Short History

Back in ancient times (i.e. 2016), they worked with two servers at IRS. A server that ran SAS, called THOR, and a separate server for Stata. The Stata server had 32GB of RAM split across all users (LOL). Many of the datasets we work with are hundreds (or thousands) of GBs, rendering it infeasible to run regressions or clean data on a server with only 32GB of RAM. This meant we needed to work mainly in SAS. As a result, our group has developed a set of handy SAS macros (functions) that help execute common operations. These are contained in the file.

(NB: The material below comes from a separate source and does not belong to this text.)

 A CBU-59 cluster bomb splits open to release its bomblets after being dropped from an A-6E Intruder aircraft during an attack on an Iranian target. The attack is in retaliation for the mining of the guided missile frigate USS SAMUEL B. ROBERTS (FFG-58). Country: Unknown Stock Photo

At Census, we work on the Integrated Research Environment (IRE) server that runs Stata, SAS, and other programs (R, Python, etc). The server allows users to easily request large amounts of RAM, allowing us to execute the majority of our jobs in Stata. Because of this improved setup, we mainly use SAS as a tool to clean and subset the raw data down to a size that is usable in Stata.

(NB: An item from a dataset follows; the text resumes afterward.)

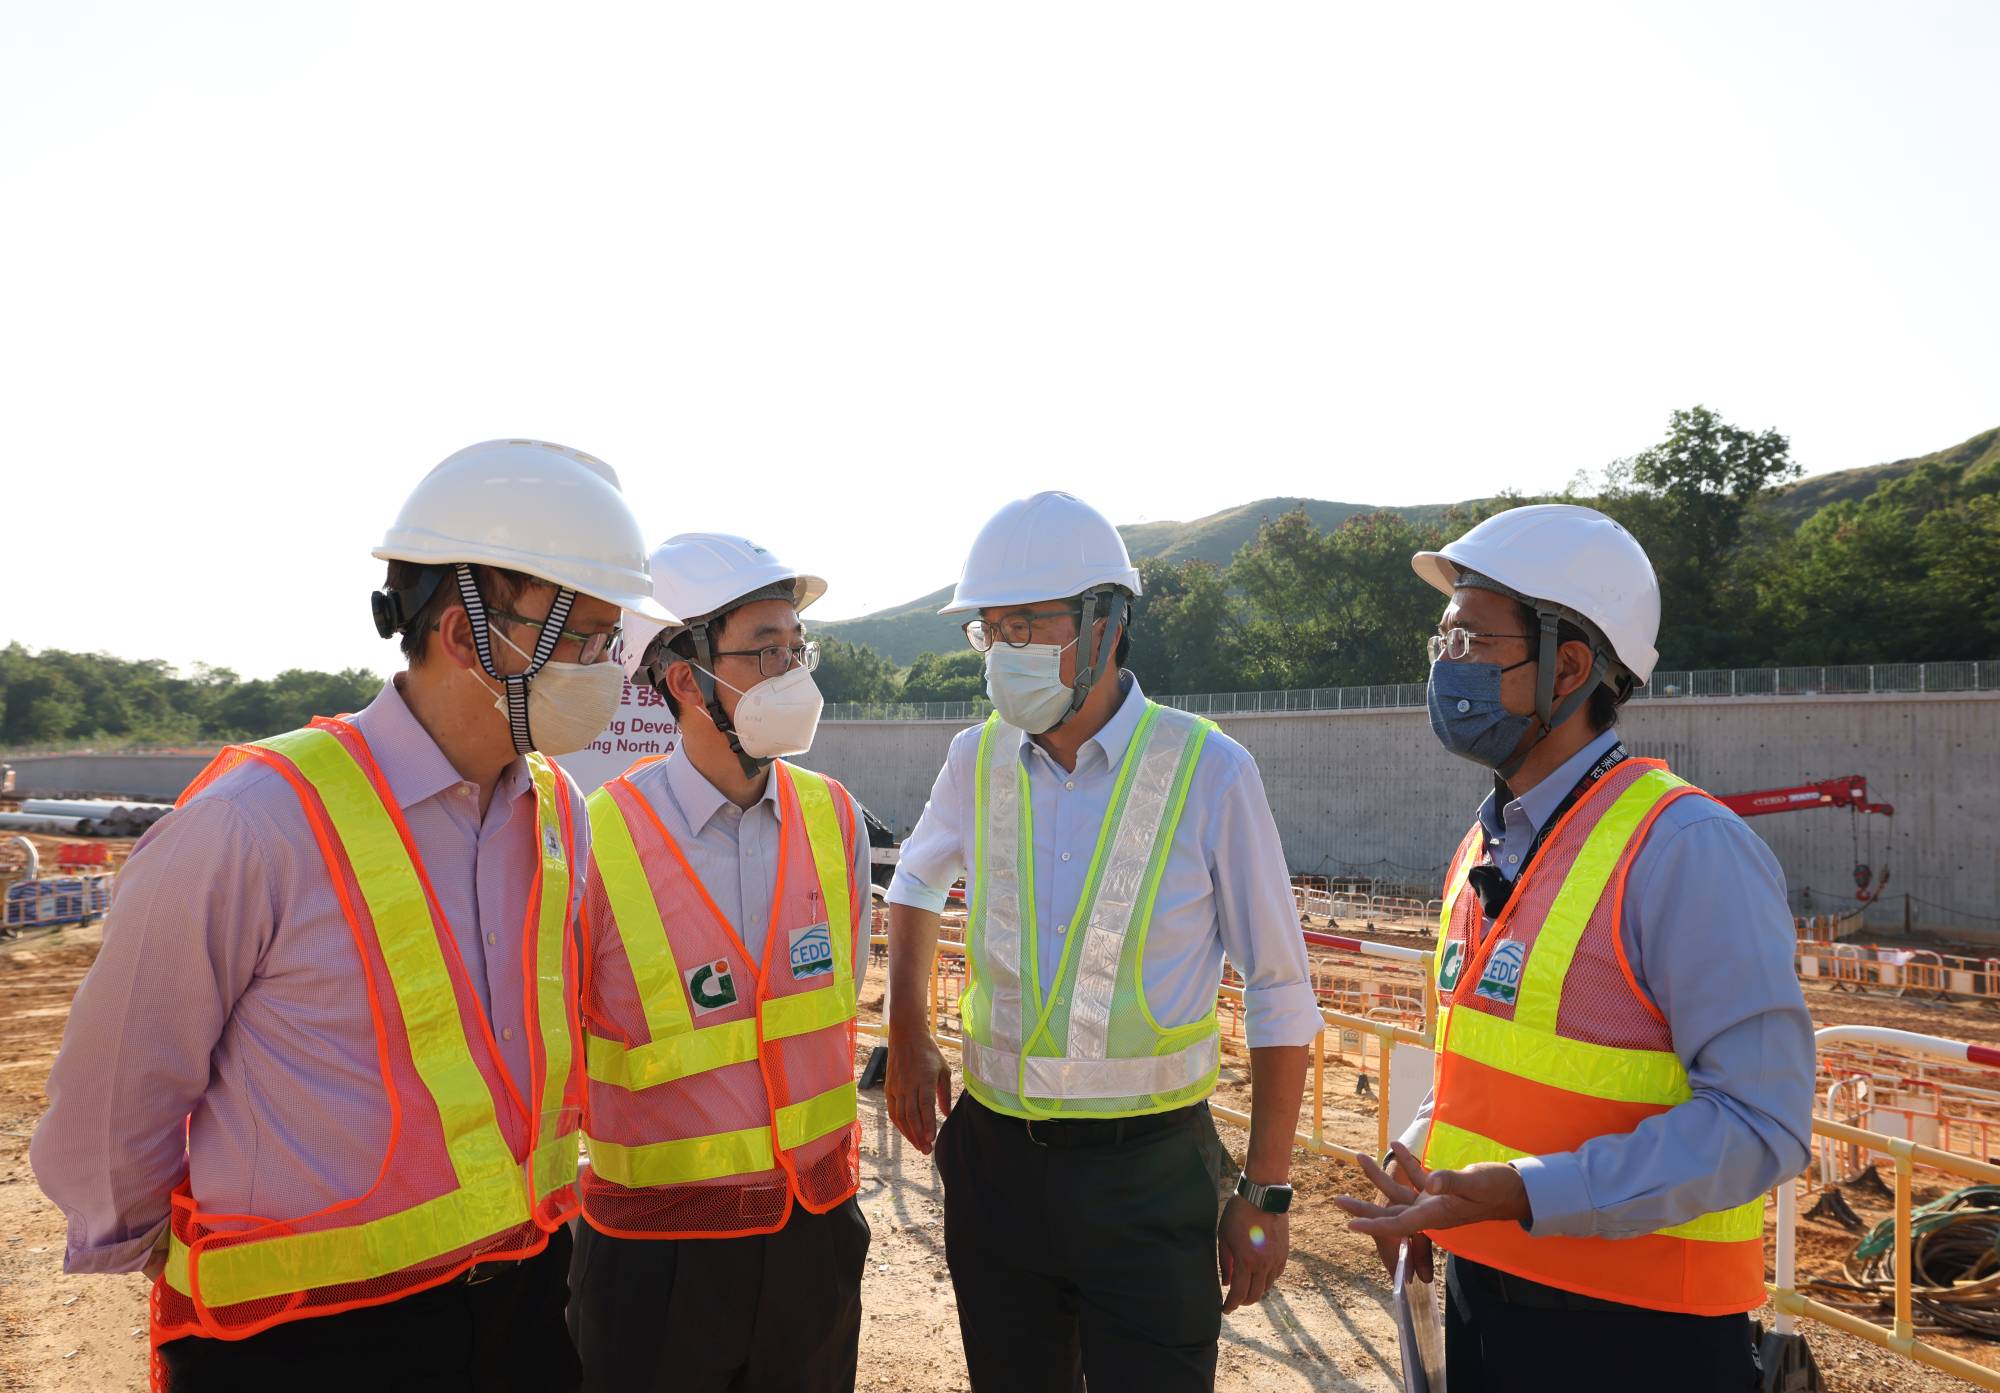 Accompanied by the Project Manager (North) of the North Development Office of the Civil Engineering and Development Department (CEDD), Mr LAI Cheuk-ho (second left), and the Chief Engineer of the North Development Office of the CEDD, Mr CHO Wai-hung, Mike (first right), the Secretary for Development (SDEV), Mr WONG Wai-lun, Michael (second right), and the Under Secretary for Development, Mr LIU Chun-san (first left) inspect the works progress in the Kwu Tung North/Fanling North (KTN/FLN) New Development Area (NDA).

The Databank contains tax records for the US population between 1969-2017. Together, these files are approximately 6TB — too large to use in Stata. That said, we are almost always interested in studying a small subset of the variables and population contained in the Databank. For example, we may want incomes and addresses of kids, and their parents, born between 1978-1991. We can make these restrictions on the Databank in SAS and output a relatively smaller Stata file containing the sample and variables we need.